It's not even that they were all disasterous. They weren't. It was just all very Model 101 as Tyra would say. It screamed of Look Ma! I'm a model!
¡Qué terrible! Ms. Banks would have had none of it. And then came the interview segment. Five guesses how that went.
Tears, tears and more tears. Gotta play to that camera hunty! Did they get your good side? There were at least two breakdowns that I can remember, and one was about starving children in Africa. I wish I were kidding but I'm serious. But the more relevant part of that segment was the runway walks. Strangely enough there were quite a few strong walkers, and in a competition full of Nouns, that alone inched them closer to Verb territory. Ataliah Samuel particularly stood out as a great walker, but as the current Ms. Trinidad and Tobago World, I expected nothing less. My only other favorite so far (and honestly, one of the only names I can remember) was Semoy De Four. There was something about her that struck me, and I suspect she may pull ahead as the weeks fly by.
In the end, 11 remained: Ashley Anselm, Athaliah Samuel, Kendra Beneby, Rachel John, Sedia Jackman, Semoy De Four, Sheriza Ali, Stephany Francisca, Susan Chin, Treveen Stewart and Trudy-Lee Collins.
If I'm being completely honest, the most refreshing thing about last night's episode was the discovery that Wendy looks as graceful and flawless as she did on the day she snatched that crown from Veruska Ramírez. Honestly, the woman is a vision. But after that, the general consensus is that there's still a long way to go. It looks as though next week is runway bootcamp, and I wait, gleeful, to see who will come out on top. But I have been in the presence of Richard Young and he knows what he's doing. If anyone can straighten these girls out it's him. Two or three stars are bound to emerge. I have faith.
It was also really refreshing (if not even remotely surprising, since after all, this is the Caribbean) to see so many darker faces in the running. The ethnic balance of ANTM has always been a little skewed, and it was fun to see so many women who might not otherwise have had access to such an opportunity, try their very hardest to show why they deserve that international push. I was disappointed to see that no "fiercely real" girls seem to have been considered, but I guess you can't have everything all at once.

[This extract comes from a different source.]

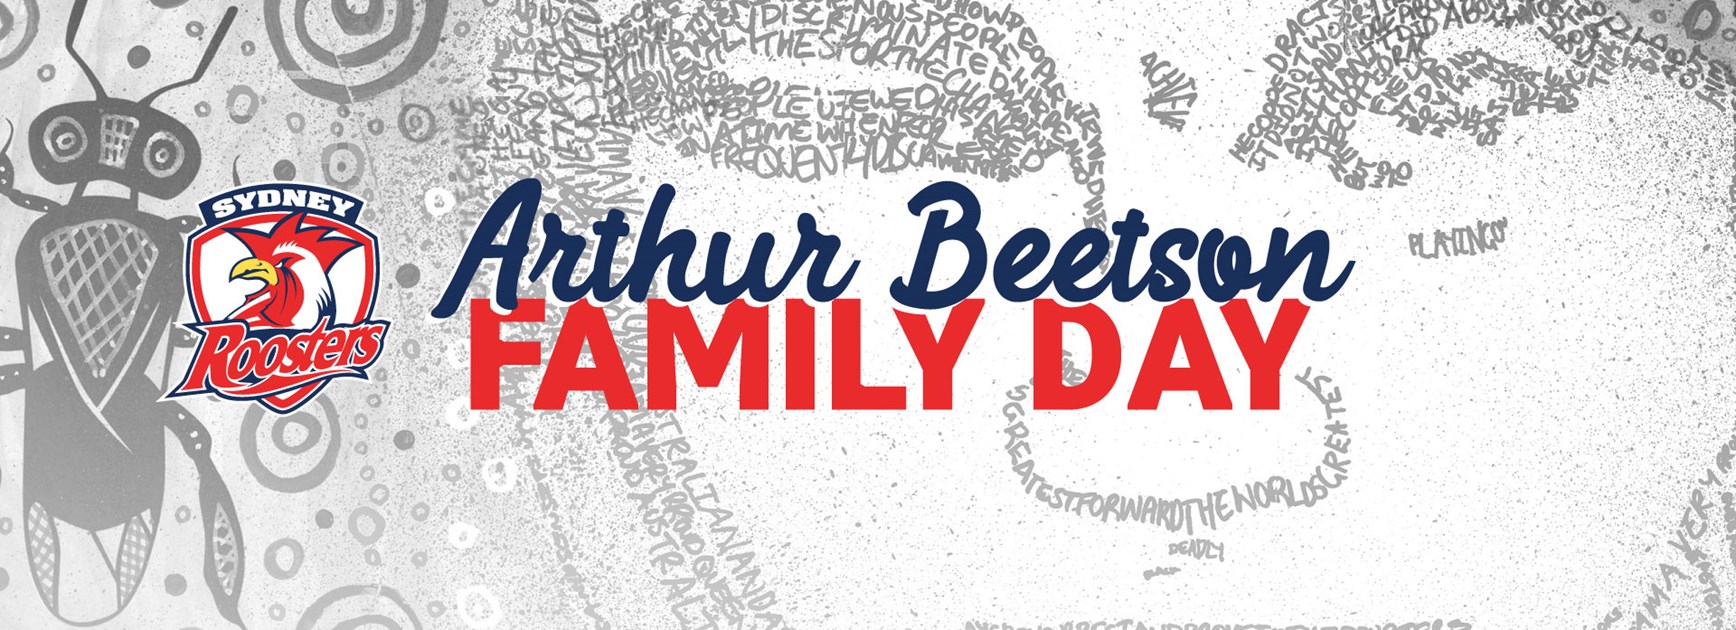 Arthur Beetson Family Day

All in all, the show gets an A for effort. It will be interesting to see how the American reality television format is adapted for Caribbean audiences as the weeks go by, but so far, there is nothing I've seen that can't be fixed by a shrewd eye and a good production team. As someone mentioned on twitter last night, the first season of ANTM was a complete mess too, and look how far that's come. CNTM is still in its fledgling season, and this was only the first episode. It has to be considered that these girls are of a different ilk than the girls on ANTM and they are "performing" essentially for a vastly different audience. If I have one hope for CNTM it's that it actually produces a working, international model on the same level as Michelene Auguste, and honestly, I think it's possible.